Light havia tirado aquele dia para pensar. Afastado do quartel general da força tarefa não haveriam muitas distrações, e ele poderia pensar com clareza. Um plano já estava se desenhando na sua cabeça desde a prisão de Misa, mas era necessário que ele pensasse em todos os mínimos detalhes. Rem o havia visitado essa tarde e relatou-lhe que fez com que Misa renunciasse à posse do Death Note. Isso o deixou mais aliviado, pois não haveria chance de Misa confessar algo de que não se lembra. Por outro lado, a Shinigami ameaçou matá-lo se ele não salvasse a namorada e além disso, havia a aquela mulher impetuosa que revelou a todos a existência do Death Note. Light não podia compreender como ela conseguiu ir tão longe. E nesse exato momento, L a está confrontando. Será que o detetive irá acreditar mesmo nela? Contra Light, havia o fato de que Misa já mencionara antes a existência de Shinigamis. A seu favor, podia alegar a falta de equilíbrio emocional de uma mulher que acabara de perder o noivo, e se aproveitou disso para criar uma teoria absurda sobre Kira. Mas na verdade, o detalhe que mais chamara a atenção do adolescente foi o fato de Chiara ainda estar viva. Misa, por mais burra que fosse, não cometeria um erro desse tipo, e porque o noivo dela escreveria seu nome errado quatro vezes em um pedaço do Death Note? Talvez...

— Ryuk.

— O que é Light?

— É possível que uma pessoa se torne imune ao Death Note?
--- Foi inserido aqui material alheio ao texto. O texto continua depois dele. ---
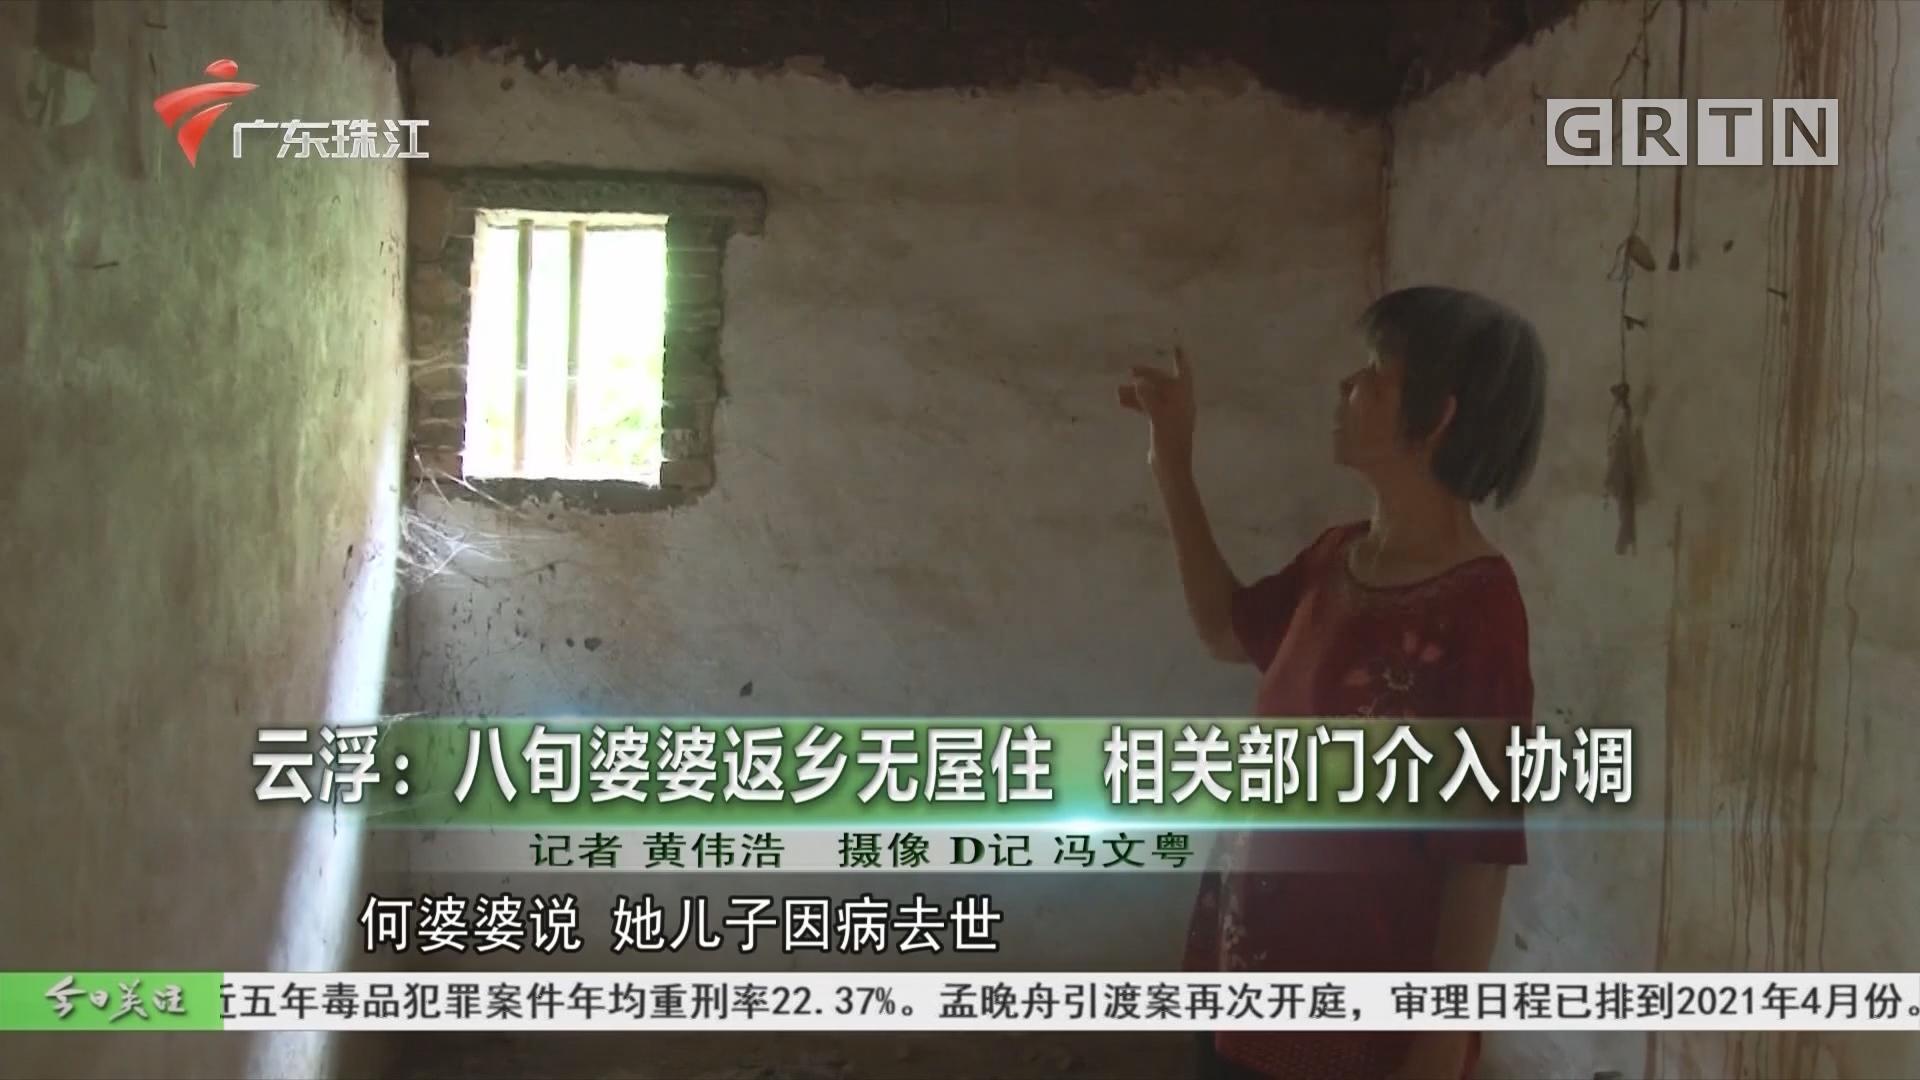 云浮:八旬婆婆返乡无屋住 相关部门介入协调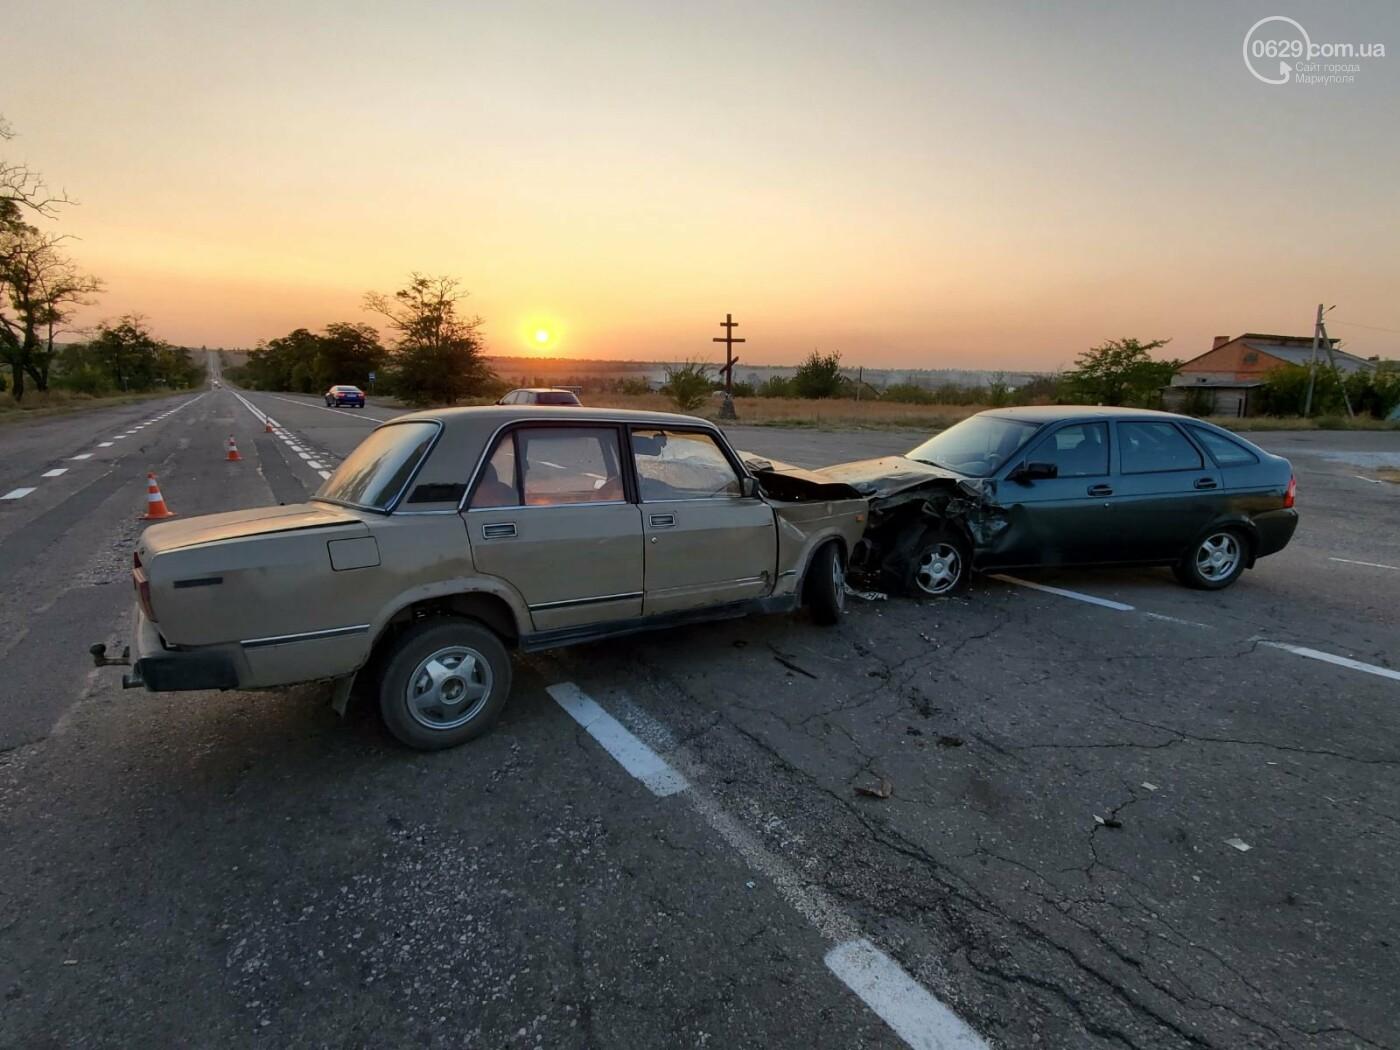 На трассе под Мариуполем «ВАЗ» протаранил «Lada Priora»,  - ФОТО, фото-4

— Eu já ouvi falar de casos de pessoas a quem não foi possível matar com o Death Note, mas não foi comigo que aconteceu. Nem nós Shinigamis conhecemos todas as regras do caderno.

Então aquela mulher enxerida poderia mesmo ser imune ao caderno? Considerando-se a morte do noivo dela, talvez a imunidade não viesse de graça. Talvez a imunidade dela tenha custado a vida dele. Se fosse assim, ele jamais poderia testar essa hipótese, sob risco dele próprio morrer. Também não poderia escrever o nome dela em seu Death Note, por que se ela morresse, as suspeitas sobre ele aumentariam. De toda forma, com seu novo plano, o fato de Chiara ter contado tudo já não seria e grande importância.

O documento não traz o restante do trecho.